The ductus arteriosus is a shunt blood vessel of fetal life; it extends between the pulmonary artery and the aorta. It shunts deoxygenated blood from the main pulmonary artery to the descending aorta. Over half of the blood flow in the descending aorta is diverted to the umbilico-placental circulation (Heymann and Rudolph, 1975), where gaseous exchange takes place. The timing of closure of the ductus after birth varies between species (Heymann and Rudolph, 1975), but it is usually complete within 48 h in humans (Drayton and Skidmore, 1987). Ductal patency in utero is an active state principally maintained by the potent dilator effect of prostaglandins (PGs) b (Coceani and Olley, 1988). Closure at birth is because of contraction of its smooth muscle. This is secondary to withdrawal of dilation and active stimulation of contraction, particularly by increased oxygen tension (Coceani and Olley, 1988). The control of the ductus is clinically important in a number of areas. Contraction of the ductus, with or without fetal heart failure, is a recognized side effect of administration of prostaglandin H synthase (PGHS) inhibitors to the mother (Van den Veyver and Moise, 1993). Failure of ductal closure after birth is a common complication of premature delivery, and, conversely, in some forms of congenital heart disease, survival of the neonate is dependent on persistent patency of the ductus (see Gersony, 1986 for review). Understanding the role of PGs in the control of the ductus led directly to therapies in the human neonate, specifically, indomethacin to close the ductus and E series PGs to maintain its patency.

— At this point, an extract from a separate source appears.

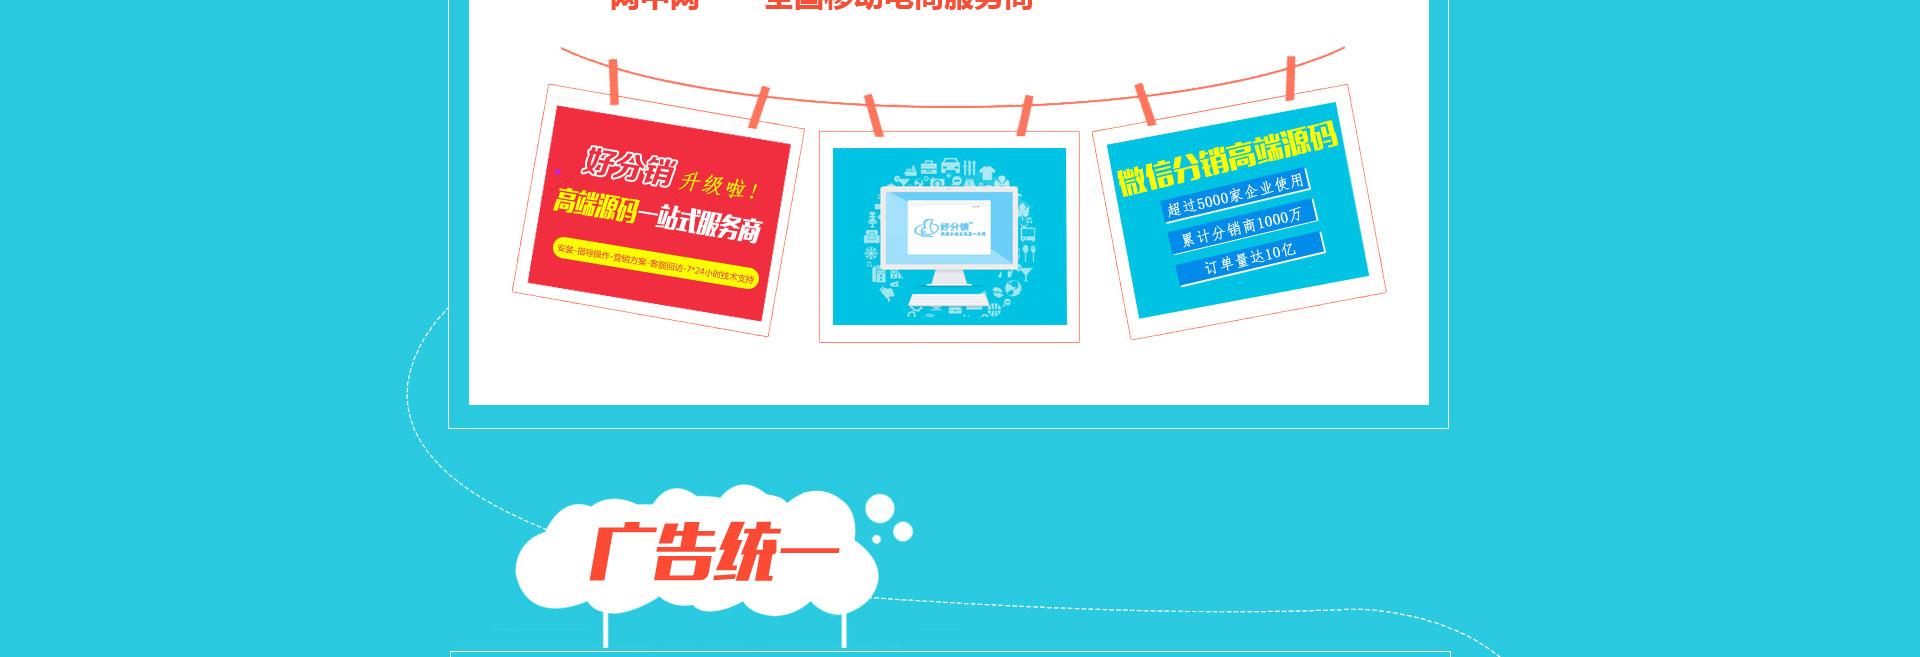 微信分销源码_网中网

This review seeks to summarize the current state of knowledge of the factors that maintain ductal patency in utero and promote ductal contraction after birth. It also seeks to identify potential novel therapeutic strategies for avoiding ductal contraction as a side effect of maternal anti-PG therapy and for the safer and more effective manipulation of ductal patency in the human neonate.